• **DIRECTIONS FOR THIS TASK**:
Transcribe the data exactly. Pictures stay out.

---------- SUPPLIED MATERIAL

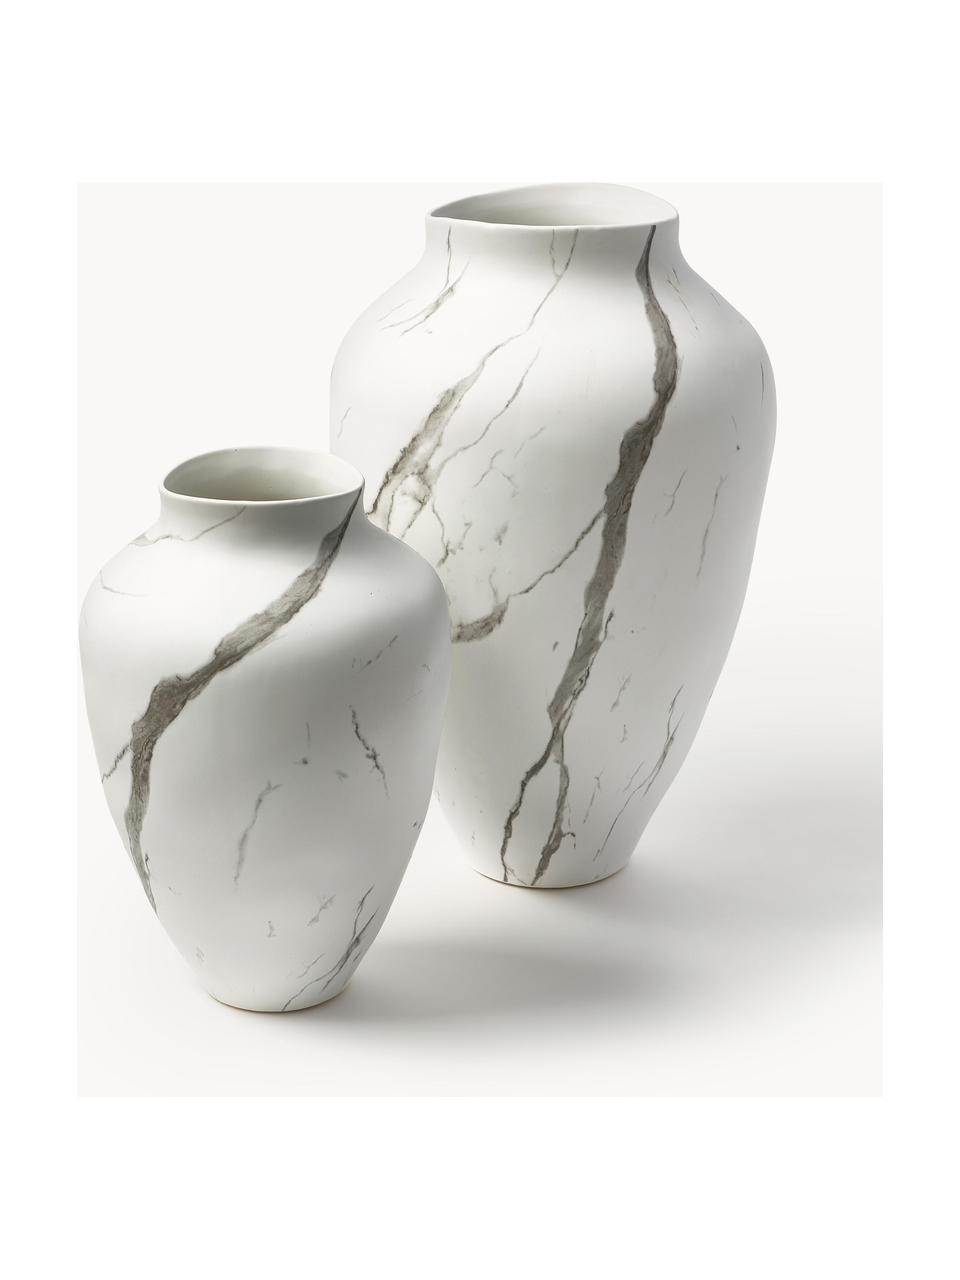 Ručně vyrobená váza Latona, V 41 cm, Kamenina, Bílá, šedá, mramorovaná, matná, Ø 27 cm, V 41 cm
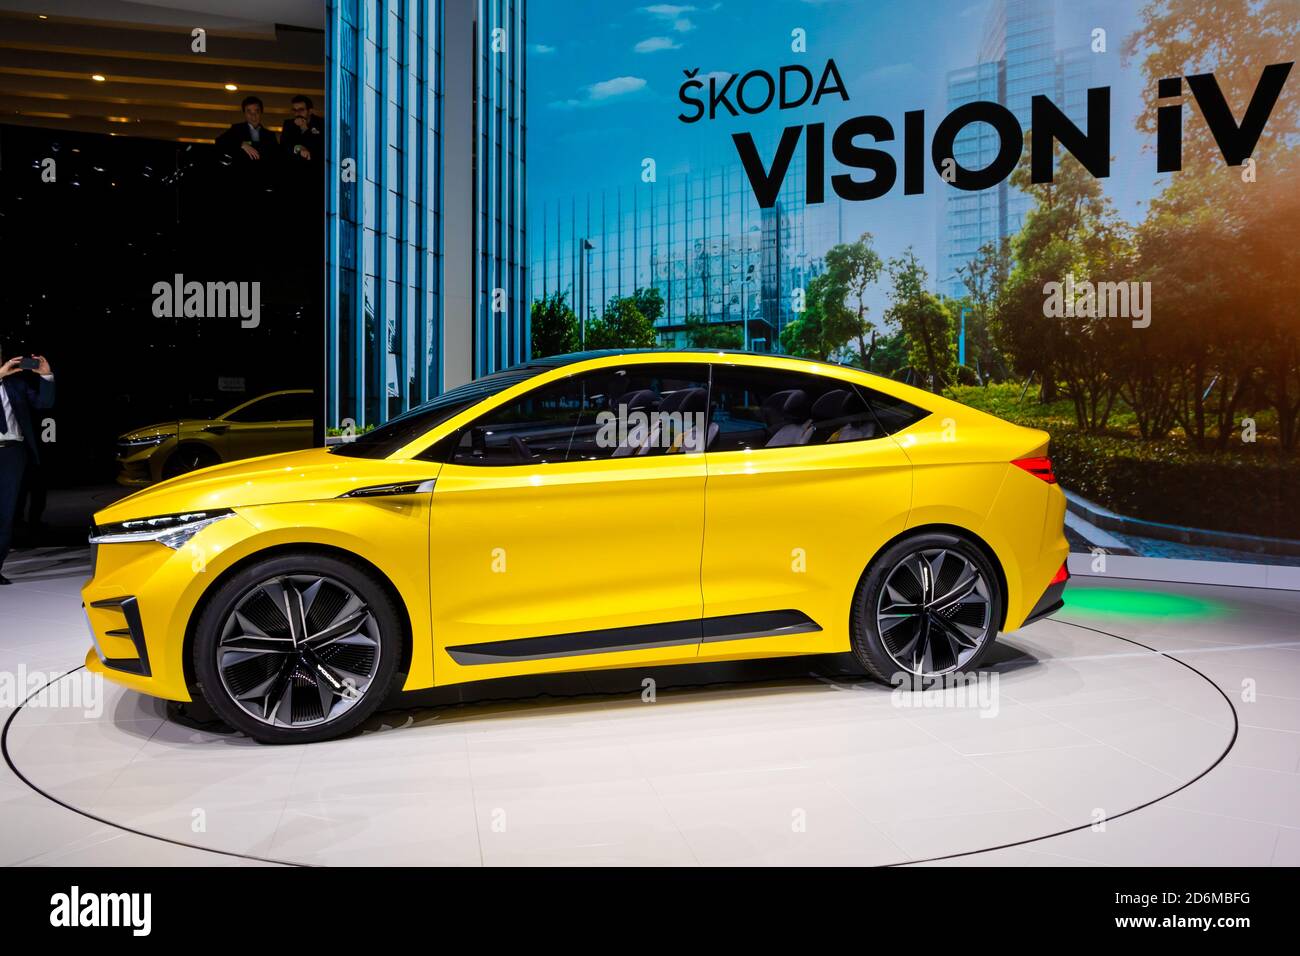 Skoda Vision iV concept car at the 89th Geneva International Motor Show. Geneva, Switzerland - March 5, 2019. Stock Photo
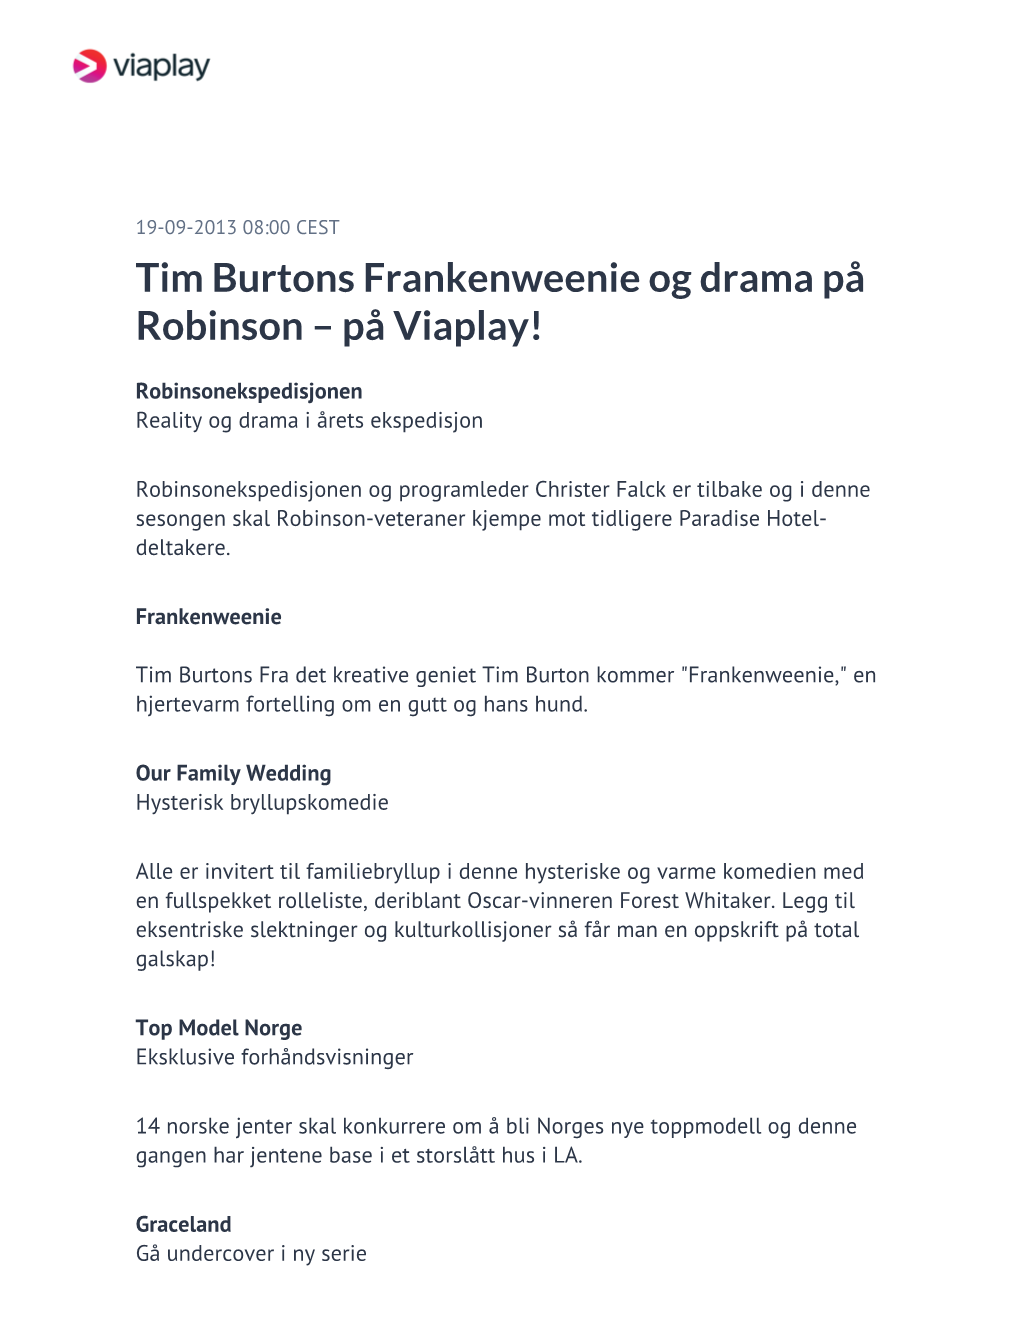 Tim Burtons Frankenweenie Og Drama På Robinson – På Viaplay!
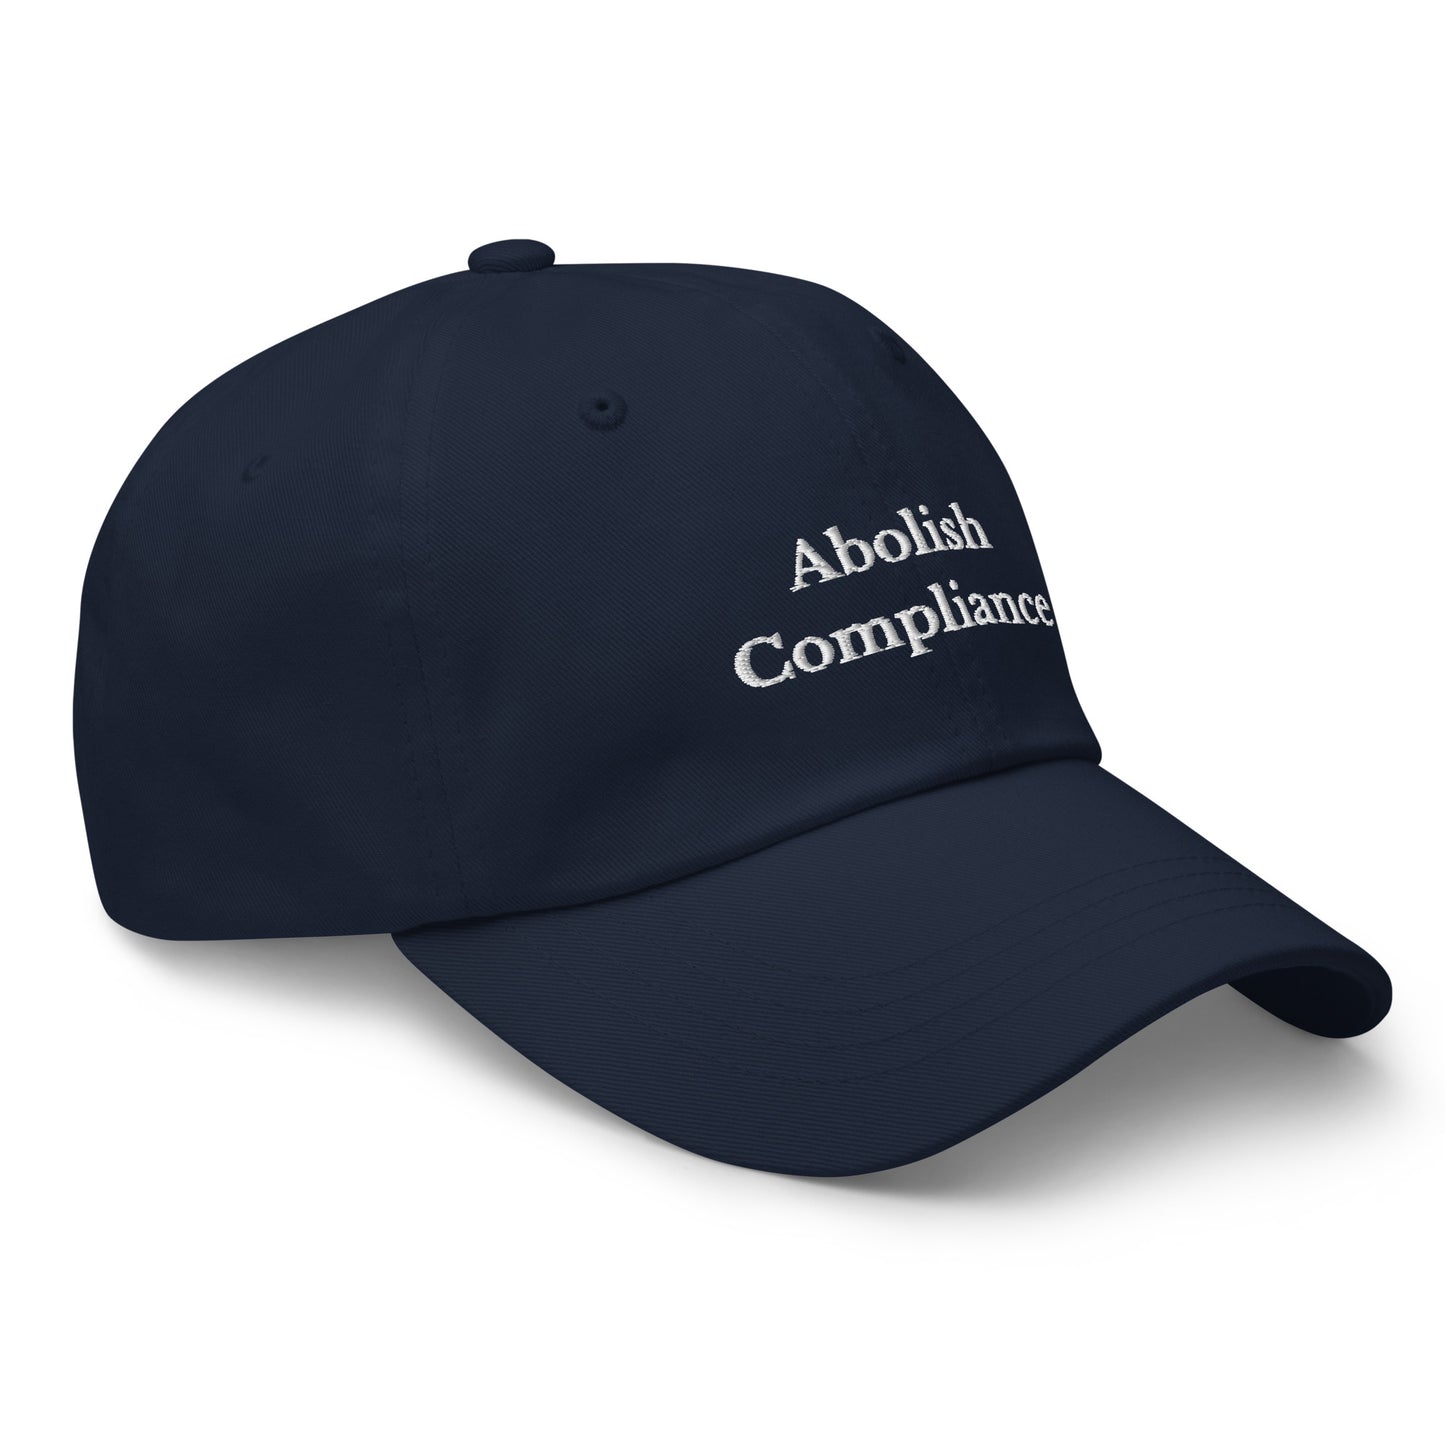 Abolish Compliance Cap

--------------------

• **ANSWER SECTION**:
 Ručně vyrobená váza Latona, V 41 cm, Kamenina, Bílá, šedá, mramorovaná, matná, Ø 27 cm, V 41 cm
 Skoda Vision iV concept car at the 89th Geneva International Motor Show. Geneva, Switzerland - March 5, 2019. Stock Photo
 Tim Burtons Frankenweenie Og Drama På Robinson – På Viaplay!
 Abolish Compliance Cap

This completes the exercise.